Mitochondrial calcium addiction in cancer cells

Mitochondrial calcium addiction in cancer cells

Inositol 1,4,5-trisphosphate receptors (InsP3Rs) are a ubiquitous family of Ca2+release channels present primarily in the ER. Ca2+ release through the InsP3R regulates numerous cell functions, including transcription, proliferation, secretion, and motility, among others.

InsP3R-mediated Ca2+ signals also regulate cell metabolism, primarily by supplying released Ca2+ to mitochondria, where it stimulates production of reducing equivalents by pyruvate dehydrogenase (PDH) and two Ca2+ dependent dehydrogenases in the tricarboxylic acid (TCA) cycle, α-ketoglutarate dehydrogenase (α-KGDH) and isocitrate dehydrogenase (IDH), as well as activities of respiratory chain components to promote oxidative phosphorylation (OXPHOS) and ATP production.

Low-level constitutive InsP3R-mediated Ca2+ release is essential for maintaining basal levels of OXPHOS and ATP production in a wide variety of cell types. In the absence of constitutive ER-to-mitochondrial Ca2+-transfer, ATP levels fall and AMPK-dependent, mTOR (mammalian target of rapamycin)-independent autophagy is induced as an essential survival mechanism.

A hallmark feature of cancer cells is a re-programming of their metabolism, even when nutrients are available. All major tumor suppressors and oncogenes have connections with metabolic pathways. Warburg suggested that cancer originates from irreversible injury in mitochondria, followed by a compensatory increase of glycolysis, but increasing evidence indicates that mitochondrial function is essential for cancer cells.

A continuous supply of metabolic intermediates from the TCA cycle fuels lipid, nucleic acid, and protein biosynthesis and provides redox power essential for cancer cell proliferation. Many tumor cells require OXPHOS to maintain growth and for the majority of their ATP production. Mutations in OXPHOS genes are tumorigenic, and mitochondrial inhibitors have antitumor activity.

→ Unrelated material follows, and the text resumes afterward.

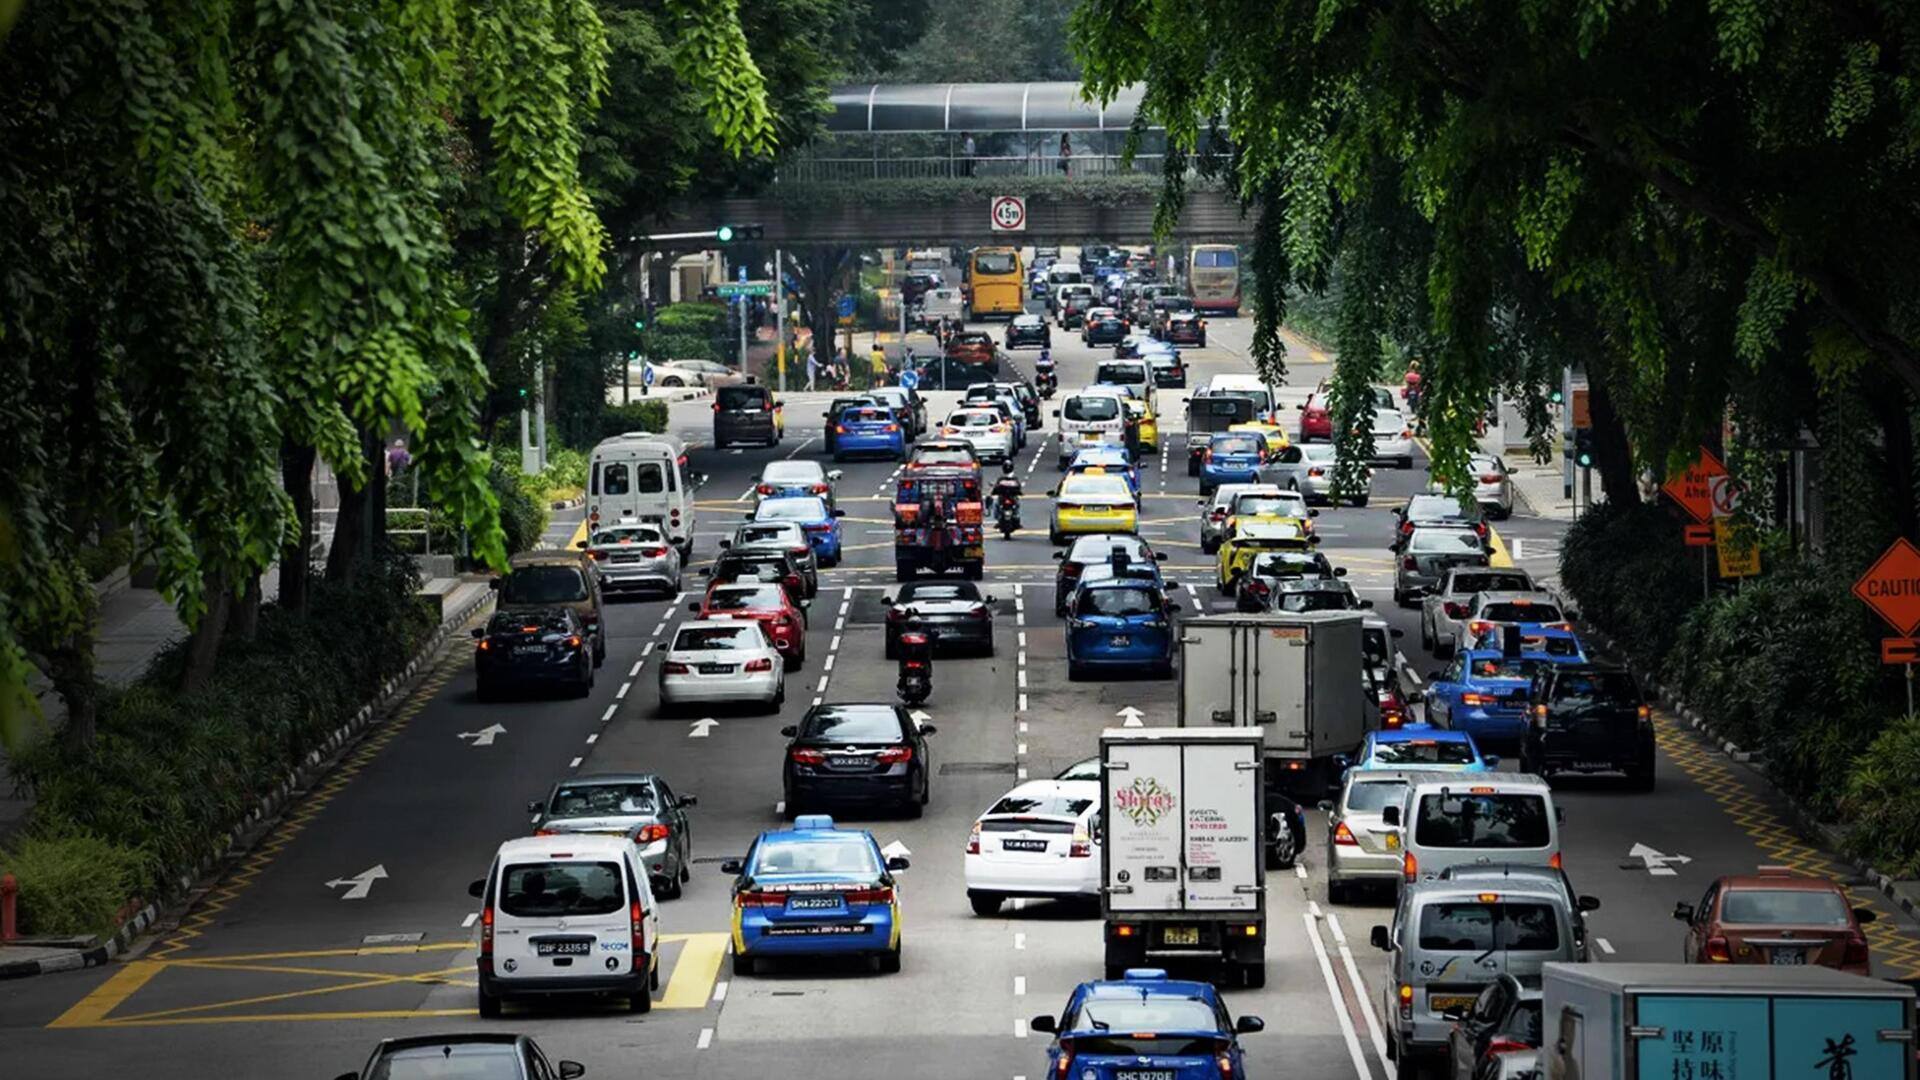 सिंगापुर: लोगों की पहुंच से बाहर हुई कार, केवल प्रमाणपत्र की कीमत 88 लाख रुपये 

Researchers asked what role constitutive mitochondrial Ca2+ uptake, important in normal cell bioenergetics, plays in cancer cell metabolism and viability. Using tumorigenic breast and prostate cancer cell lines and genetically transformed isogenic primary human fibroblasts, they found that interruption of constitutive ER-to-mitochondrial Ca2+ transfer elicited effects similar to those observed in normal cells, including diminished OXPHOS, AMPK activation, and induction of autophagy.

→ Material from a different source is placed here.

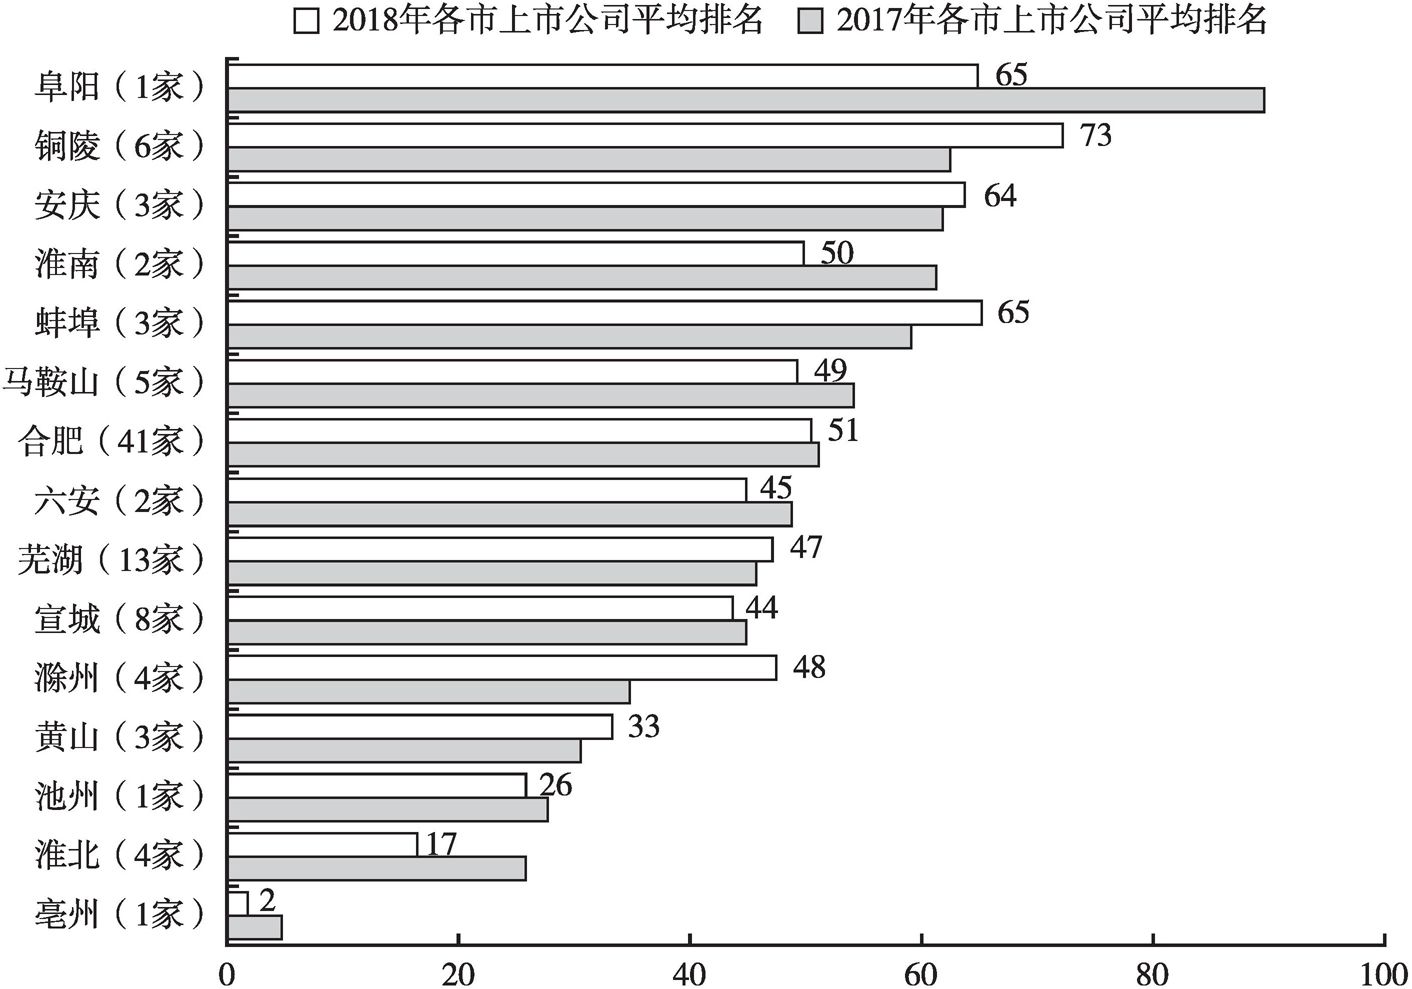 图15 安徽2017年和2018年各区域上市公司平均排名及变动情况

Whereas autophagy was sufficient for survival of normal cells, it was insufficient in cancer cells, which responded strikingly with massive death, while their normal counterparts were spared.

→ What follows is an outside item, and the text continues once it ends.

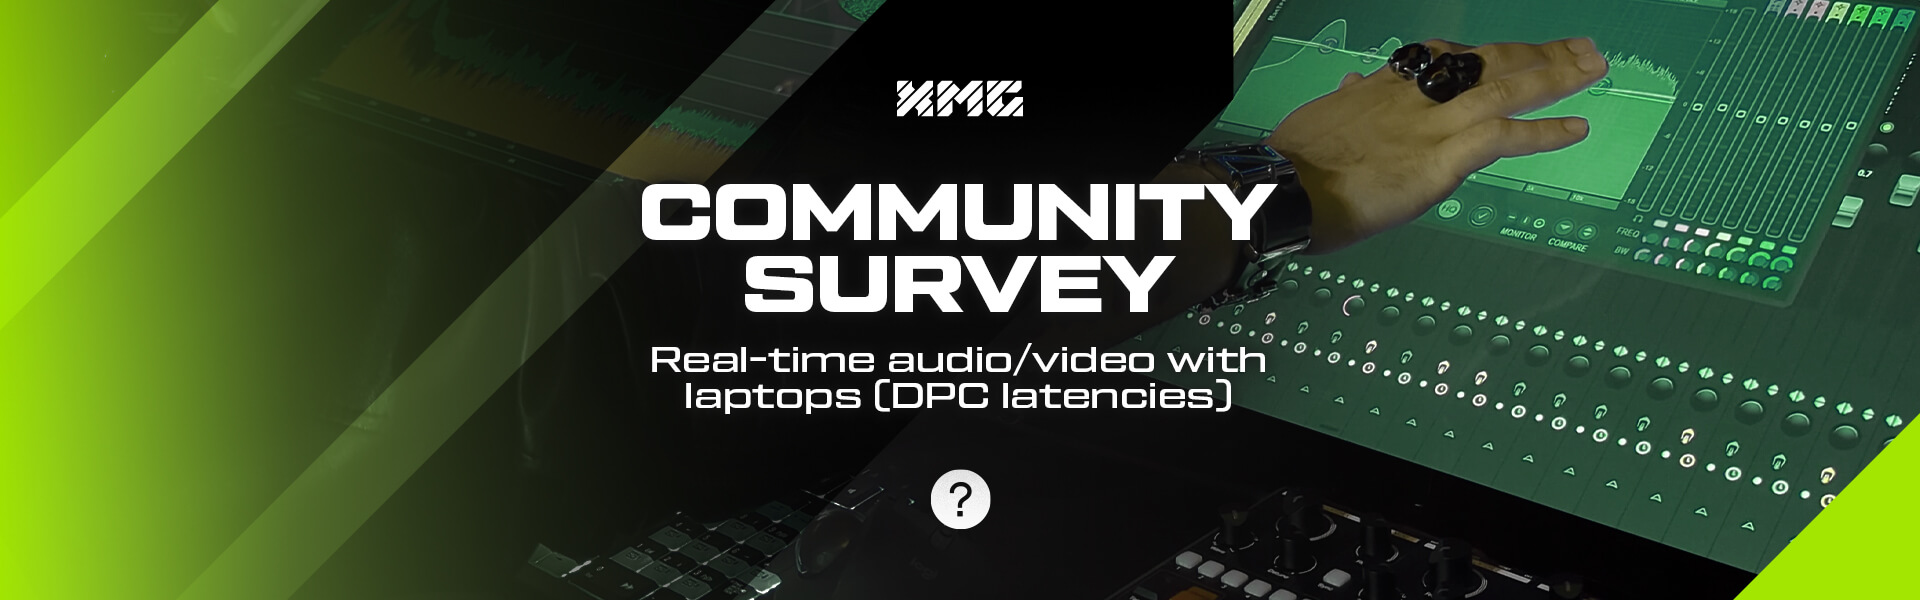 XMG community survey audio laptops dpc latencies

Furthermore, inhibition of InsP3R activity strongly suppressed melanoma tumor growth in mice. Addition of metabolic substrates or nucleotides rescued the lethal effect of inhibiting mitochondrial Ca2+ uptake, suggesting that cell death was induced by compromised bioenergetics.

Cell death was caused by necrosis associated with mitotic catastrophe at daughter cell separation during ongoing proliferation of the cancer cells. These findings reveal a fundamental and unexpected dependency on InsP3R-mediated Ca2+ transfer to mitochondria for viability of cancer cells.